Algorithm 1 summarizes the entire optimization process of MCGCN in detail. A mini-batch gradient descent algorithm is employed throughout the training process to optimize the model, which integrates a GCN encoder and decoder along with feature and label MLPs. The graph for each omics dataset is constructed by equation (1). Next, the low-level features are learned through the GCN encoder, and the reconstruction of node attribute and graph structure is achieved through the GCN decoder.

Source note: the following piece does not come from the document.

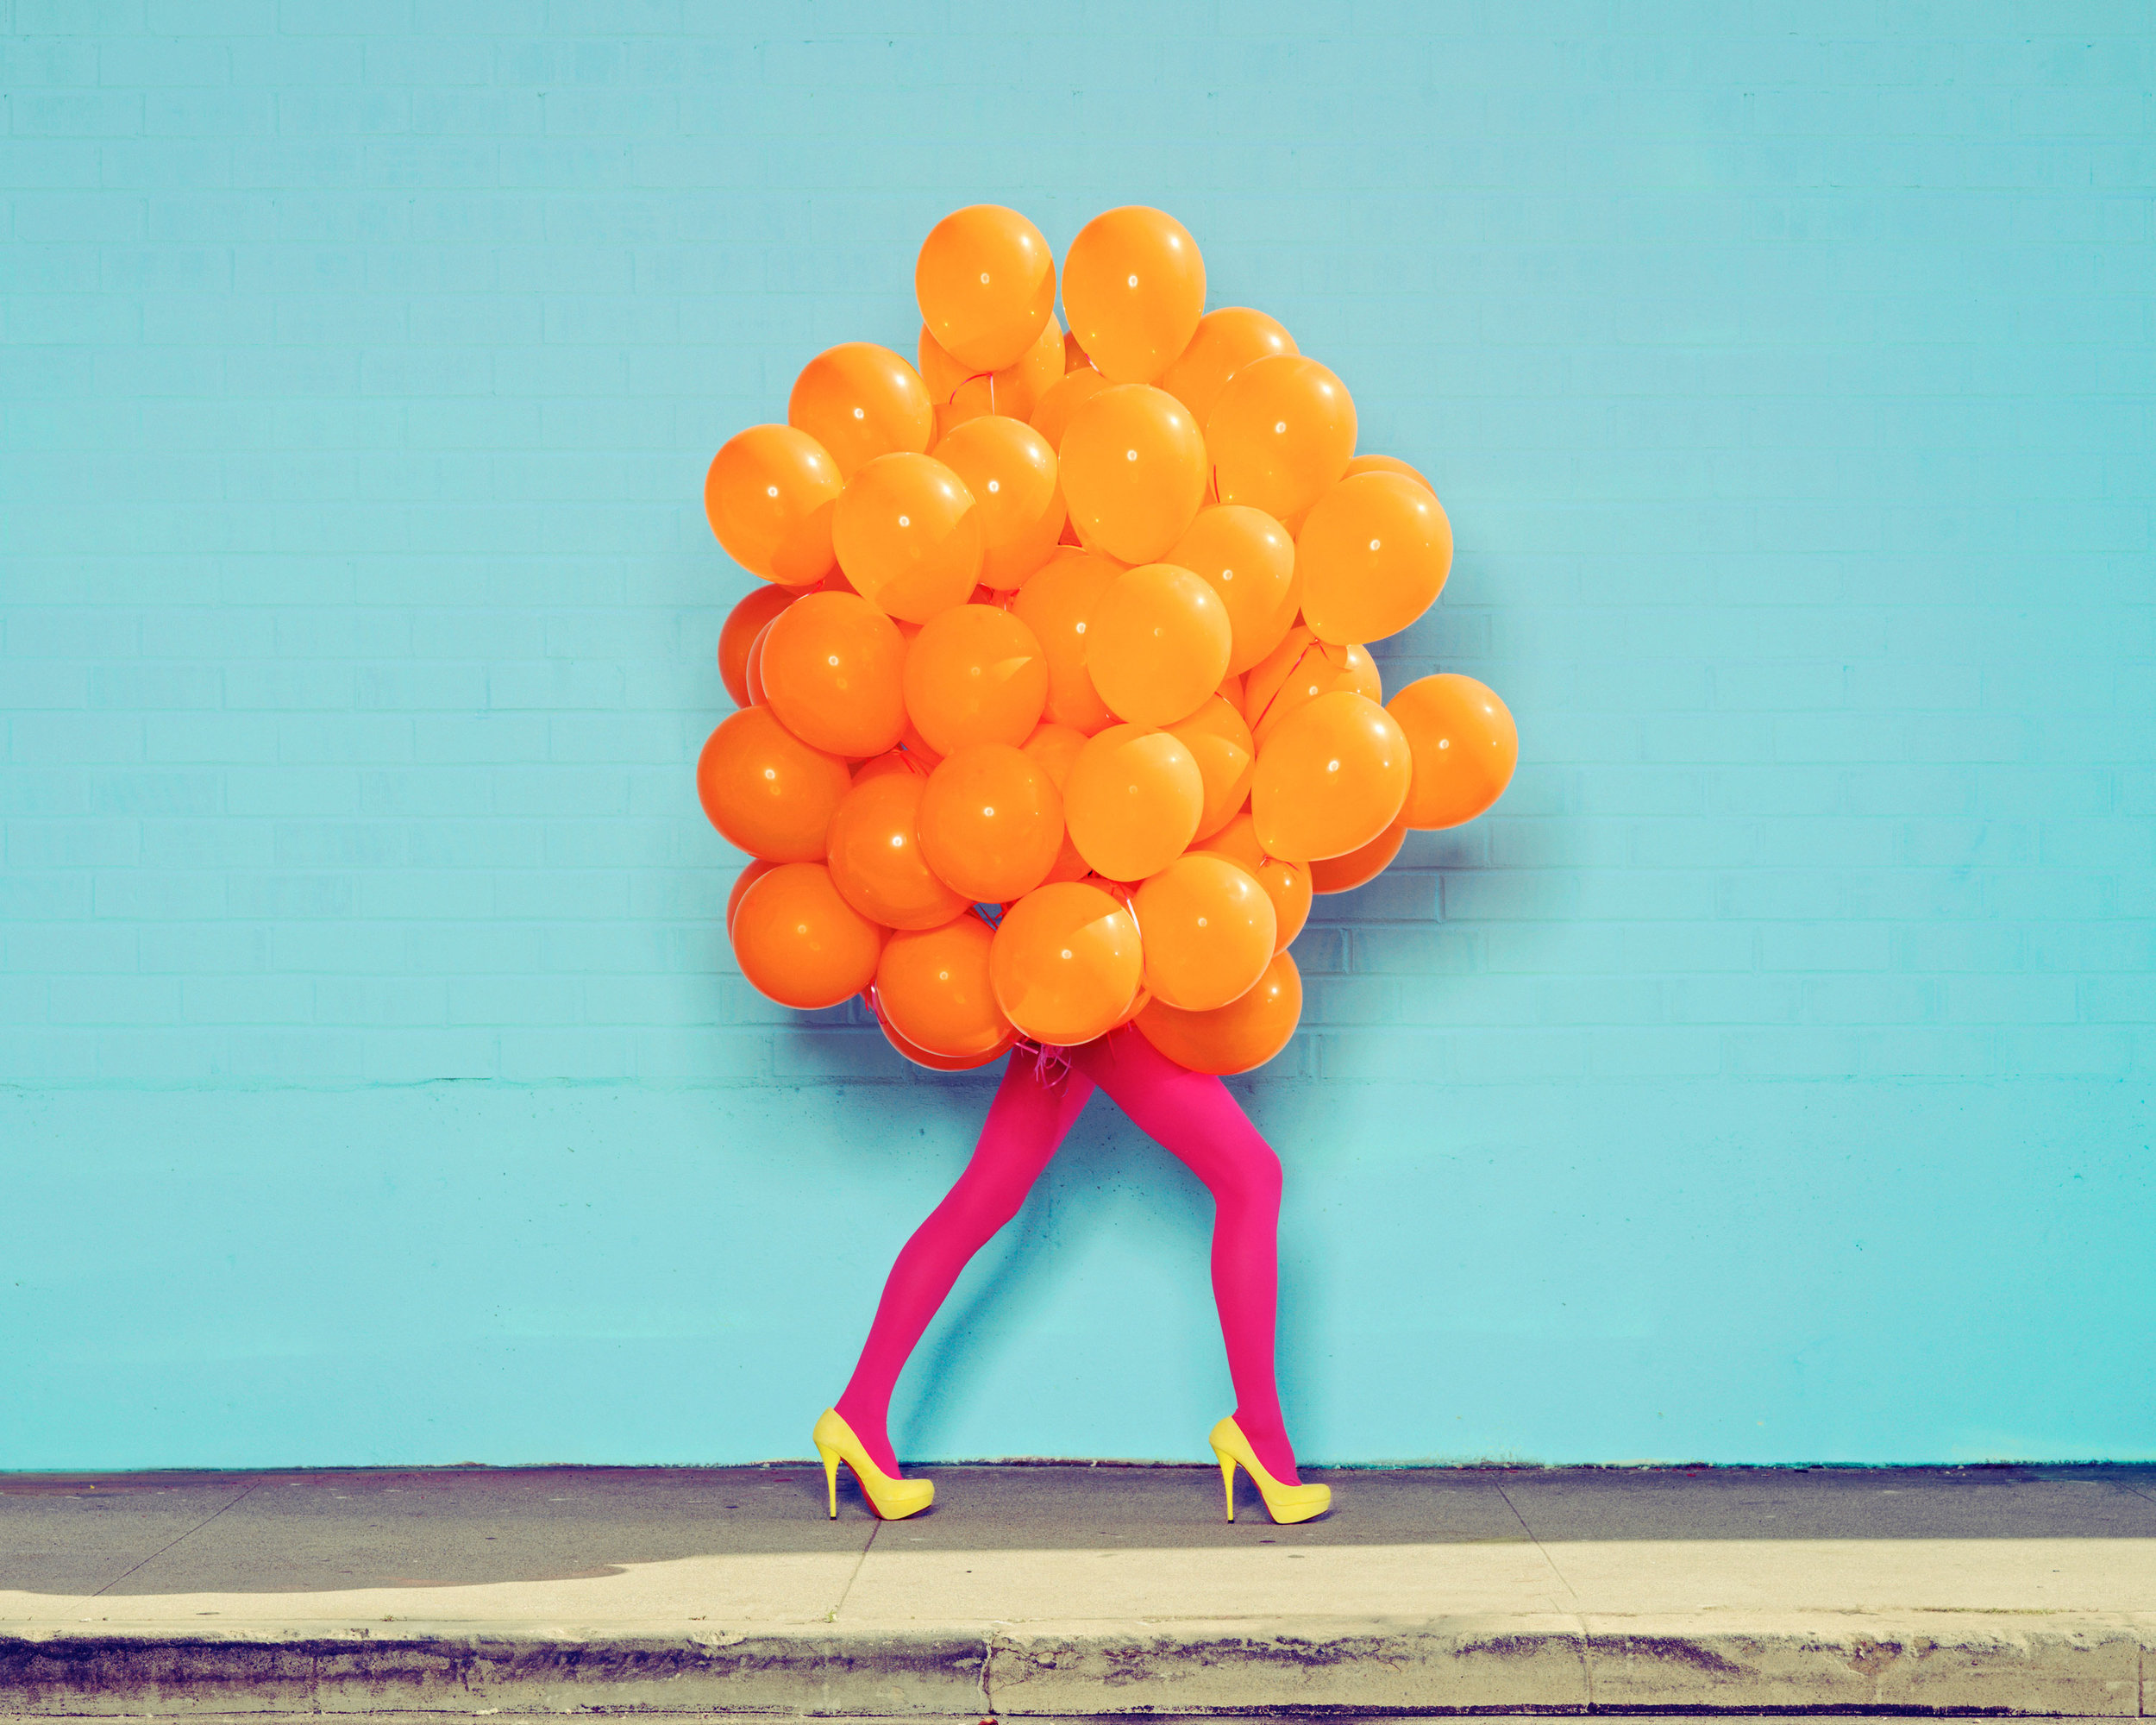 Ramona Rosales,  Je Ne Suis Pas Seul Sans Toi (Orange Balloons) , 2013  Digital pigment print, 30 x 40 in, edition of 5; 20 x 24 in, edition of 5; 8 x 10 in, edition of 250   Inquire

After contrastive learning of multi-omics through equations (11) and (13), the clustering labels derived from the high-level features are adjusted using the maximum matching formula in equation (15). Finally, the model is fine-tuned with the modified clustering labels by equation (20). Supplementary Tables S1 and S2 provide the node counts for each layer of MCGCN. And, we give a real example to show the overall data flow in Supplementary Table S3.

Result

On 34 cancer datasets, we compared MCGCN with 14 methods, and the comparison methods included directly clustering and integrating methods, i.e. 2 directly clustering methods (K-means [12] and spectral clustering [13]) and 12 integrating methods (LRAcluser[38], CC [14], PINS [15], MCCA [16], iClusterBayes [17], MOFA [18], IntNMF [19], CIMLR [21], MOCSS[23], SNF [24], SNFCC [25], and NEMO [26]).

Result analysis

The effectiveness of cancer subtyping is evaluated by two metrics, i.e. survival analysis and enrichment analysis on clinical labels. The survival analysis employs the Cox proportional hazards model [39] along with the P-value to assess statistically significant differences in survival profiles across different cancer subtypes. For the enrichment analysis of clinical labels, a standardized set of patient clinical details, including gender and age at diagnosis, is utilized alongside four distinct clinical pathological parameters: overall progression (pathologic stage), lymph node involvement (pathologic N), metastases (pathologic M), and tumor progression (pathologic T), is selected for all cancers. The details of the evaluation metrics are described in Supplementary Text S3. To ensure greater adaptability of our model, the number of clusters is treated as an input parameter. This parameter can be determined automatically or set using prior medical knowledge when available. For automatic determination, we concatenate the low-level features , perform clustering, and calculate the silhouette coefficient for varying cluster numbers. The number of clusters corresponding to the highest silhouette score is selected as the optimal value. The silhouette-based selection process is illustrated in Supplementary Figs S1(c)–S34(c), where we show the line plots of silhouette scores for different numbers of clusters.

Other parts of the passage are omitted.